IHG Hotels & Resorts has opened up its wallet to acquire its 20th hotel brand.
United Kingdom-based IHG acquired the Ruby Hotels brand for €110.5 million ($115.8 million) from Munich-based hotel firm Ruby GmbH. Excluded from the deal is Ruby's operating company, which will continue to manage all Ruby hotels open and currently in development.
Ruby has a portfolio of 20 hotels and 3,483 rooms open in Europe — including nine hotels in Germany, three in the U.K., three in Austria, two in Switzerland, and one each in Italy, Ireland and the Netherlands. Ruby's hotel development pipeline includes 10 hotels and more than 2,200 rooms.
During an earnings conference call Tuesday, IHG CEO Elie Maalouf expressed his excitement about the Ruby deal. He added Ruby signed an 11th hotel to its development pipeline — a property in Copenhagen — a week ago.
“It just really hits the spot in an area we have been looking at, urban micro. It is something we can scale up very quickly,” he said, referring to the British firm’s quick acceleration in its brands Avid and Garner.
In a news release announcing the acquisition, Maalouf gave more detail on where the Ruby brand fits in IHG's portfolio of brands.
“The urban micro space is a franchise-friendly model with attractive owner economics, and we see excellent opportunities to not only expand Ruby’s strong European base but also rapidly take this exciting brand to the Americas and across Asia, as we have successfully done with previous brand acquisitions,” Maalouf said.
IHG envisages a portfolio of 120 Ruby hotels in the next five years and 250 in the next 10, Maalouf said. IHG has similarly scaled its brands Avid and Garner, he added.
“Our track record shows that this is extremely feasible,” he said, adding there would be approximately $10 million of integration costs.
IHG plans to integrate the Ruby portfolio into its systems by March 31, 2026. Maalouf cautioned that the brand would not break even in IHG's operating profit until 2026, but the company forecasts a greater impact on its profitability in the years ahead.
“It has a lot of growth potential,” Maalouf said.
Franchise fees from the deal — all 31 hotels are due to open by the end of 2027 — would equate to approximately $8 million in 2028’s earnings numbers, while those fees are predicted to more than $15 million by 2030, Maalouf said. The deal includes potential additional payments ranging from nothing to €181 million between 2030 and 2035 depending on expanded pipeline.

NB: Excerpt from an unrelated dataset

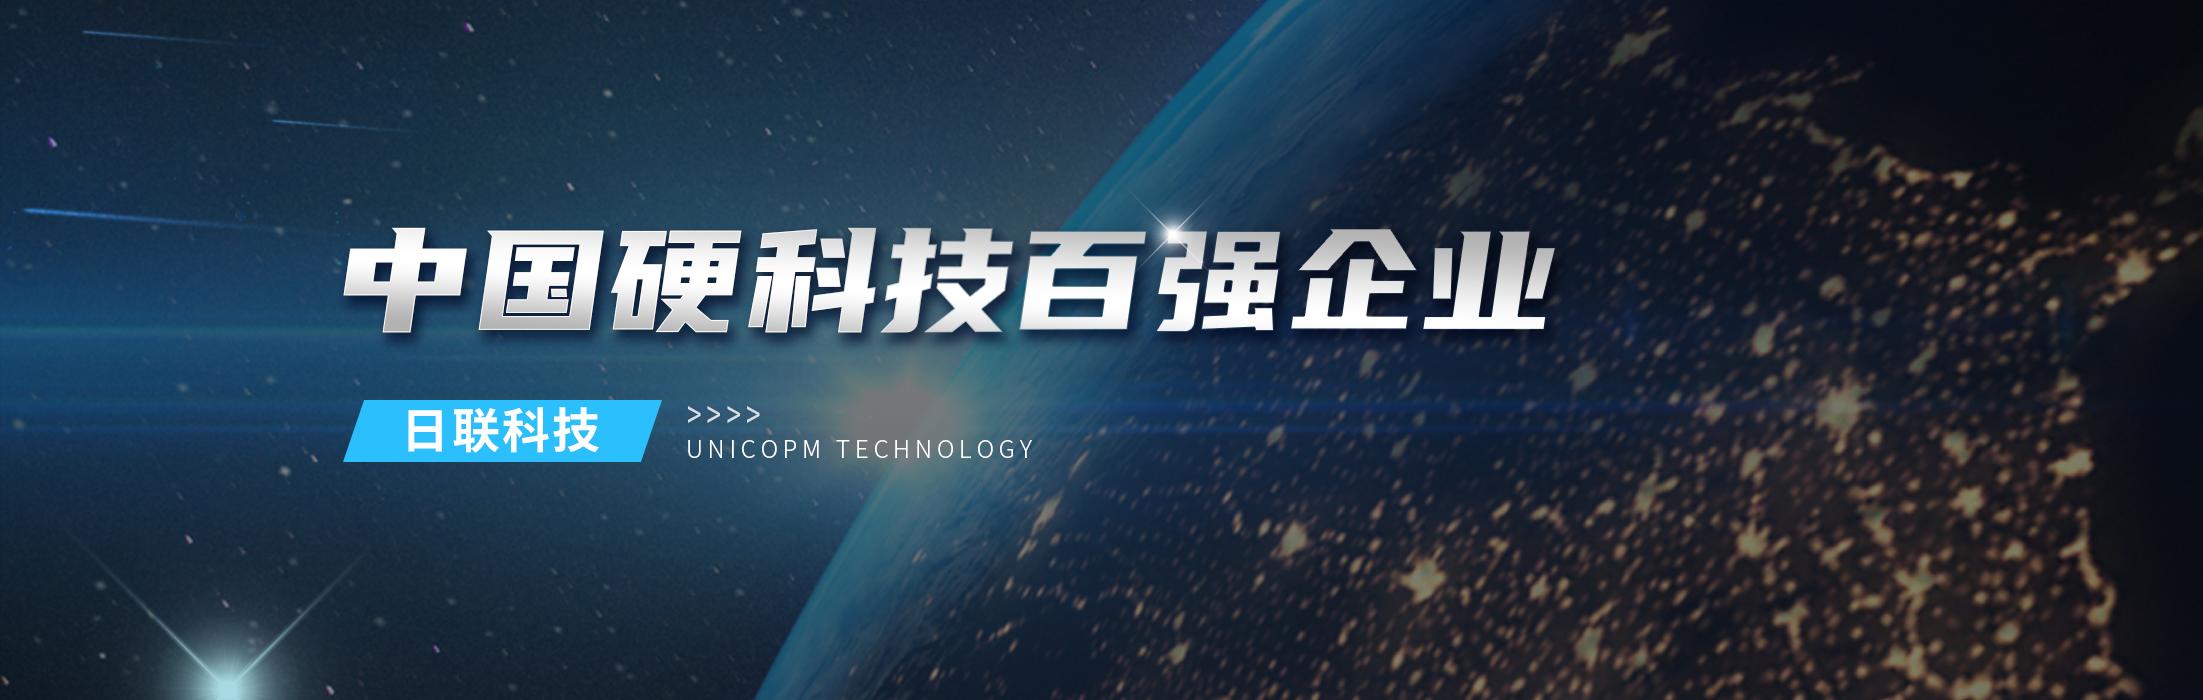 米乐m6电竞竞猜m6米乐app官网下载是中国硬m6米乐app官网下载百强企业

Performance around the globe
Maalouf and IHG Chief Financial Officer Michael Glover shared a positive outlook of IHG's global operations across 2025.
In 2024, IHG's global revenue per available room increased 3% year over year and operating profit increased by 10%.
“The momentum improved across all markets in the fourth quarter, and 2024 is our third consecutive year of accelerating network growth. We expanded fee margins by 190 basis points,” Maalouf said. “We’re comfortable in what we’re doing in the Americas, where we had 9% more applications. … [Glover] and I were in China three weeks ago, and we talked to 100 owners and have had a great year of signings.”
There's also reason for optimism in IHG's U.S. hotel portfolio, Maalouf said. In 2024, IHG's U.S. hotel RevPAR rose 1.7%.
“I believe 2025 in the U.S. can be as good or better than 2024. If you look at the fundamentals that drive U.S. travel … another good year for RevPAR growth [is] there,” Maalouf said.
In China, residential real estate is not doing so well, but Maalouf said investors there are very interested in hotel development. Hopefully, domestic hotel demand will follow, as full-year 2024 RevPAR declined 4.8% in Greater China.
“While I was there, we inaugurated our 800th hotel, and we have 500 in the pipeline,” he said, adding IHG has much room to maneuver there.
Across 2024, IHG grew its net portfolio by 4.3%, opening 371 hotels and approximately 59,100 rooms for a total portfolio of 6,629 hotels and approximately 987,000 rooms.
IHG's revenues increased 7% to $2.31 billion, and fee margins equaled 61.2%, an increase of 1.9 percentage points, which Glover said was driven by strong trading together with new and growing ancillary fee streams.
IHG also will embark on another share buyback scheme, Glover said. In 2024, the company returned approximately $800 million in shares back to shareholders, and in 2025 it intends to increase that number to $1.1 billion in value via a new $900 million buyback program.
As of press time, IHG stock was trading at £102.70 ($129.43) a share, an increase of 32.4% year over year. The London Stock Exchange’s FTSE 100 index was up 13.8% over the same period.